Federated Learning, as a popular paradigm for collaborative training, is vulnerable against privacy attacks. Different privacy levels regarding users' attitudes need to be satisfied locally, while a strict privacy guarantee for the global model is also required centrally. Personalized Local Differential Privacy (PLDP) is suitable for preserving users' varying local privacy, yet only provides a central privacy guarantee equivalent to the worst-case local privacy level. Thus, achieving strong central privacy as well as personalized local privacy with a utility-promising model is a challenging problem. In this work, a general framework (APES) is built up to strengthen model privacy under personalized local privacy by leveraging the privacy amplification effect of the shuffle model. To tighten the privacy bound, we quantify the heterogeneous contributions to the central privacy user by user. The contributions are characterized by the ability of generating "echos" from the perturbation of each user, which is carefully measured by proposed methods Neighbor Divergence and Clip-Laplace Mechanism. Furthermore, we propose a refined framework (S-APES) with the post-sparsification technique to reduce privacy loss in high-dimension scenarios. To the best of our knowledge, the impact of shuffling on personalized local privacy is considered for the first time. We provide a strong privacy amplification effect, and the bound is tighter than the baseline result based on existing methods for uniform local privacy. Experiments demonstrate that our frameworks ensure comparable or higher accuracy for the global model.
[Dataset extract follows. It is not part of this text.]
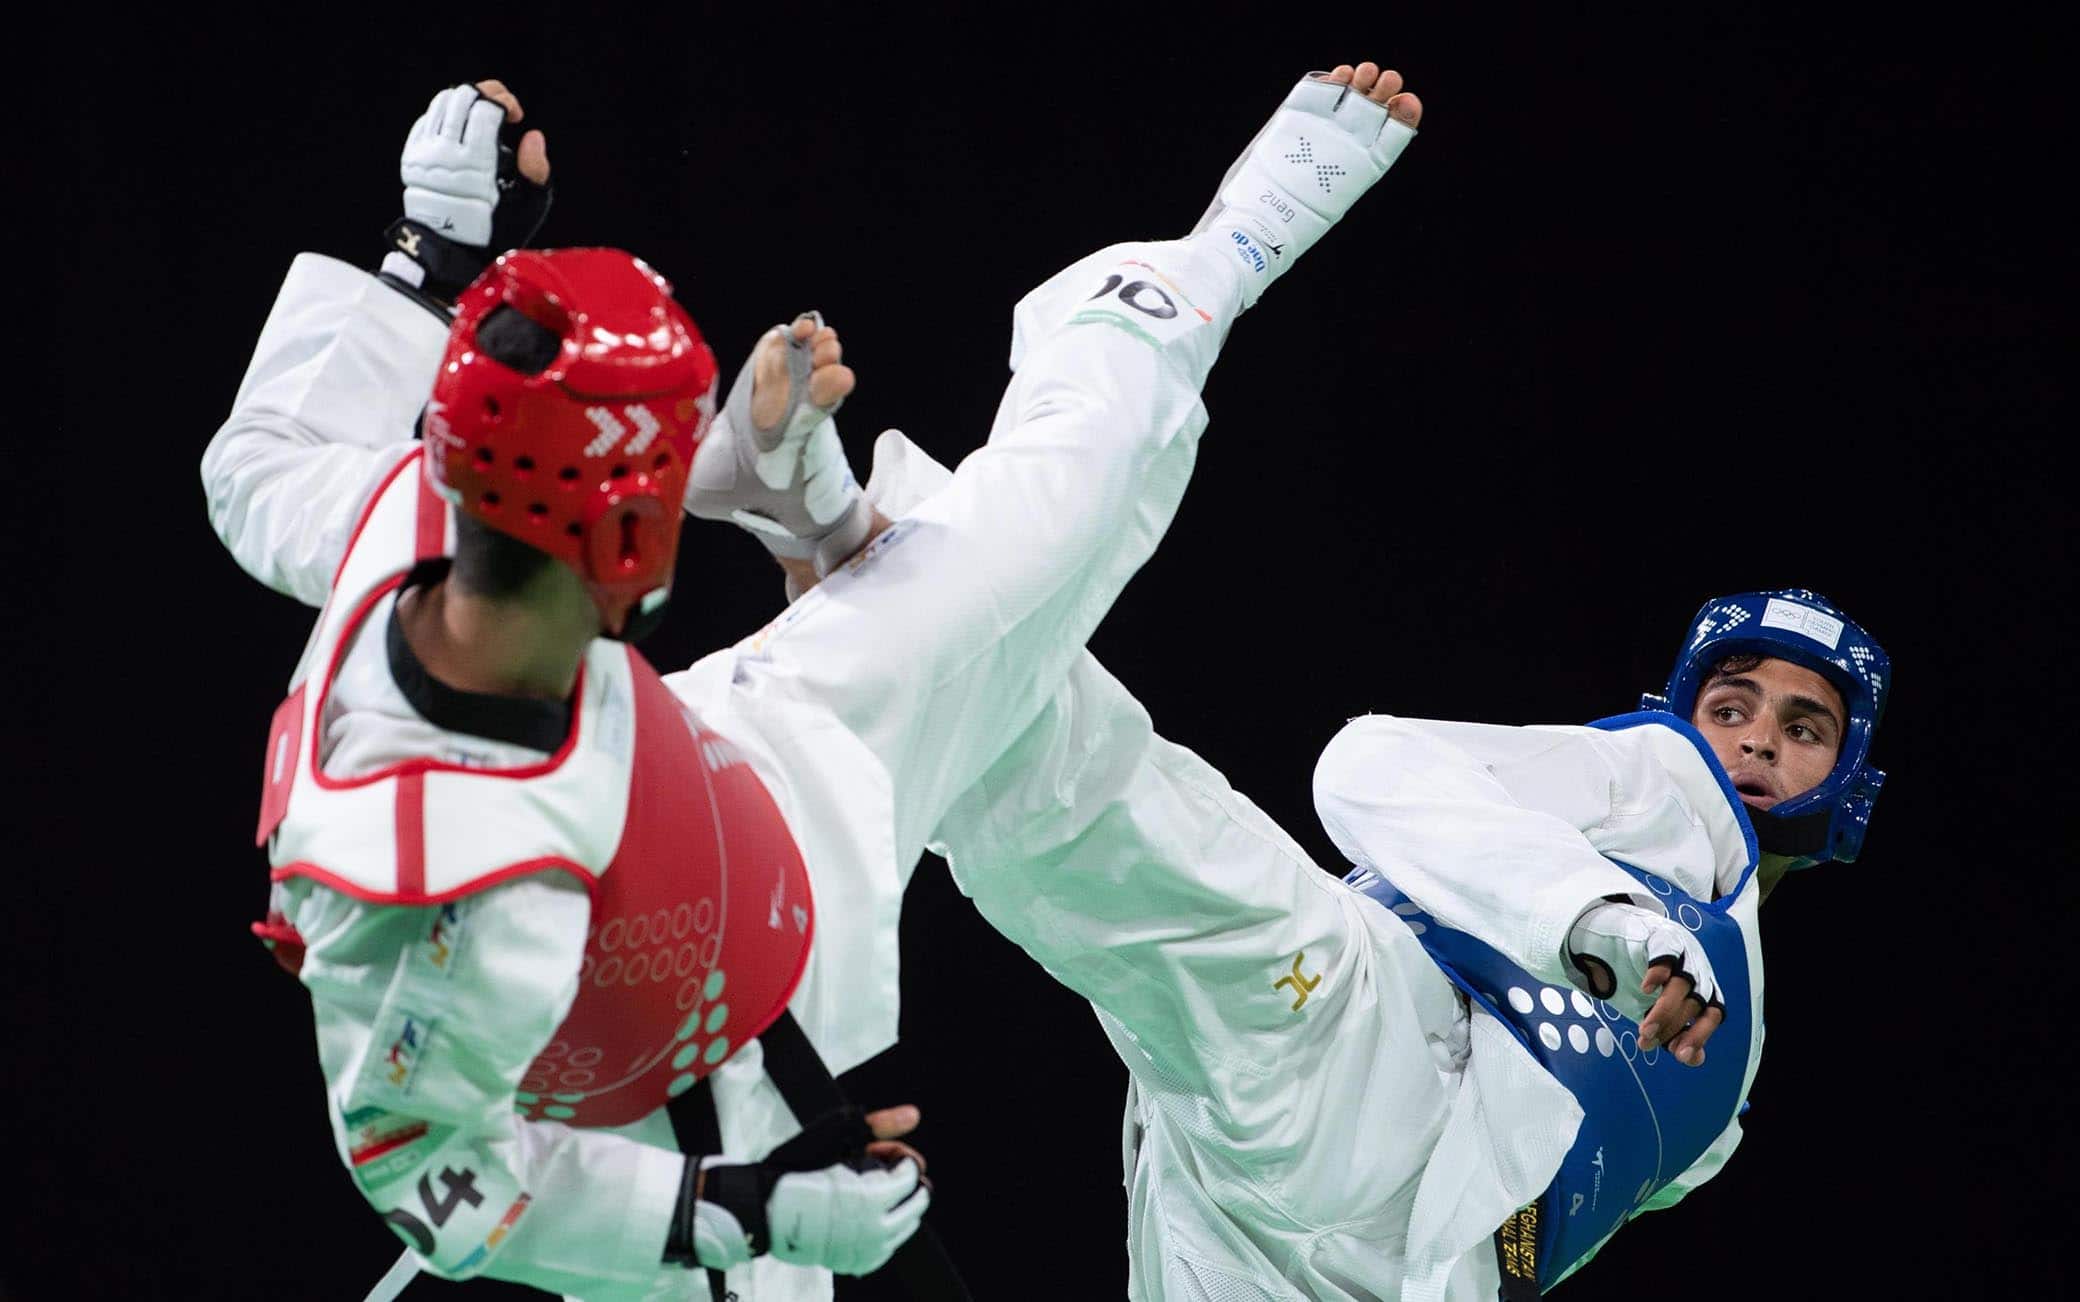 epa07087095 Nisar Ahmad Abdul Rahimzai of Afghanistan (R) and Mohammadali Khosravi of Iran (L) compete in the Taekwondo Mens 73kg Semi-final in the Oceania Pavilion, Youth Olympic Parkduring the Youth Olympic Games, Buenos Aires, Argentina, 11 October 2018.  EPA/Lukas Schulze  for OIS/IOC HANDOUT  HANDOUT EDITORIAL USE ONLY/NO SALES
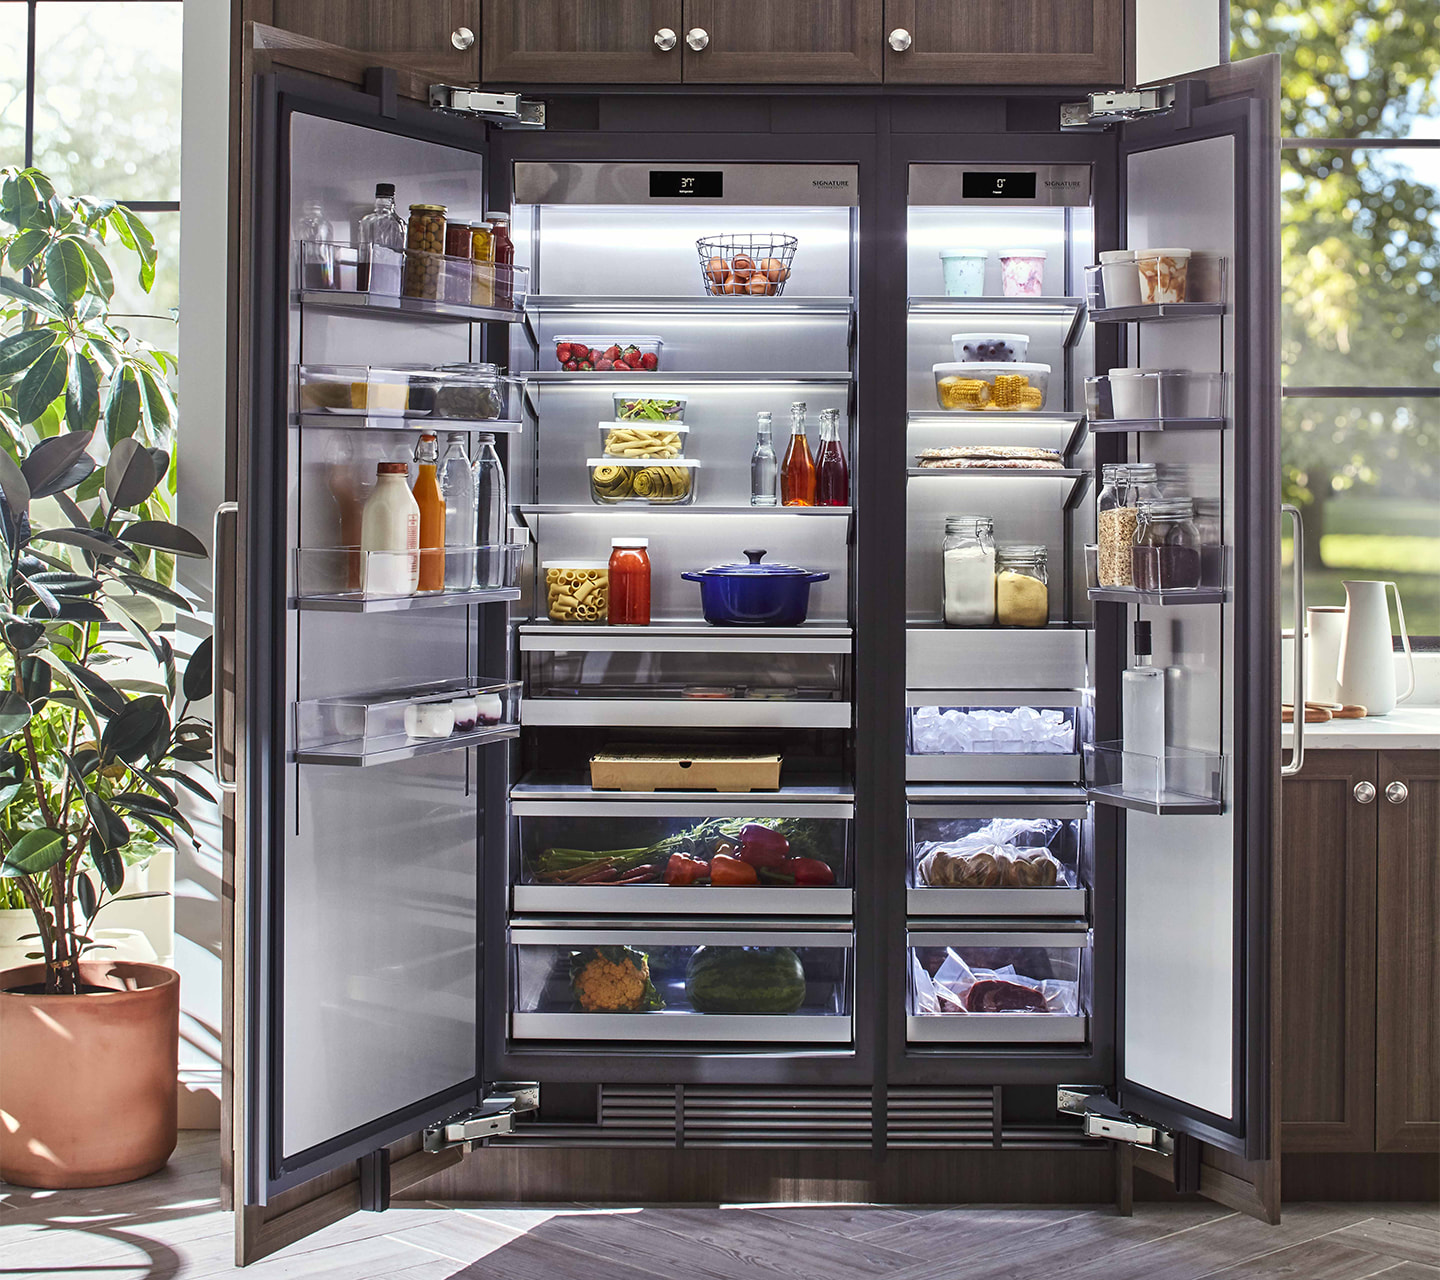 What Refrigerator Brand is the Most Reliable? Rated

翻译：联邦学习作为一种流行的协作训练范式，易受隐私攻击。本地需满足用户态度差异化的隐私级别，而全局模型也需在中心侧提供严格隐私保障。个性化本地差分隐私（PLDP）适用于保护用户差异化的本地隐私，但其中心隐私保障仅相当于最差情况下的本地隐私级别。因此，在保证个性化本地隐私的同时实现强中心隐私并保持模型效用是一个具有挑战性的问题。本研究构建了一个通用框架（APES），通过利用混洗模型的隐私放大效应，在个性化本地隐私约束下增强模型隐私。为收紧隐私界限，我们逐用户量化了对中心隐私的异质性贡献。这些贡献通过每个用户扰动生成的“回声”能力来刻画，并通过提出的邻域散度和裁剪-拉普拉斯机制进行精细度量。此外，我们提出采用后稀疏化技术的改进框架（S-APES）以减少高维场景下的隐私损失。据我们所知，这是首次考虑混洗对个性化本地隐私的影响。我们实现了强隐私放大效应，且其界限比基于现有均匀本地隐私方法得到的基线结果更紧凑。实验表明，我们的框架能确保全局模型达到可比或更高的精度。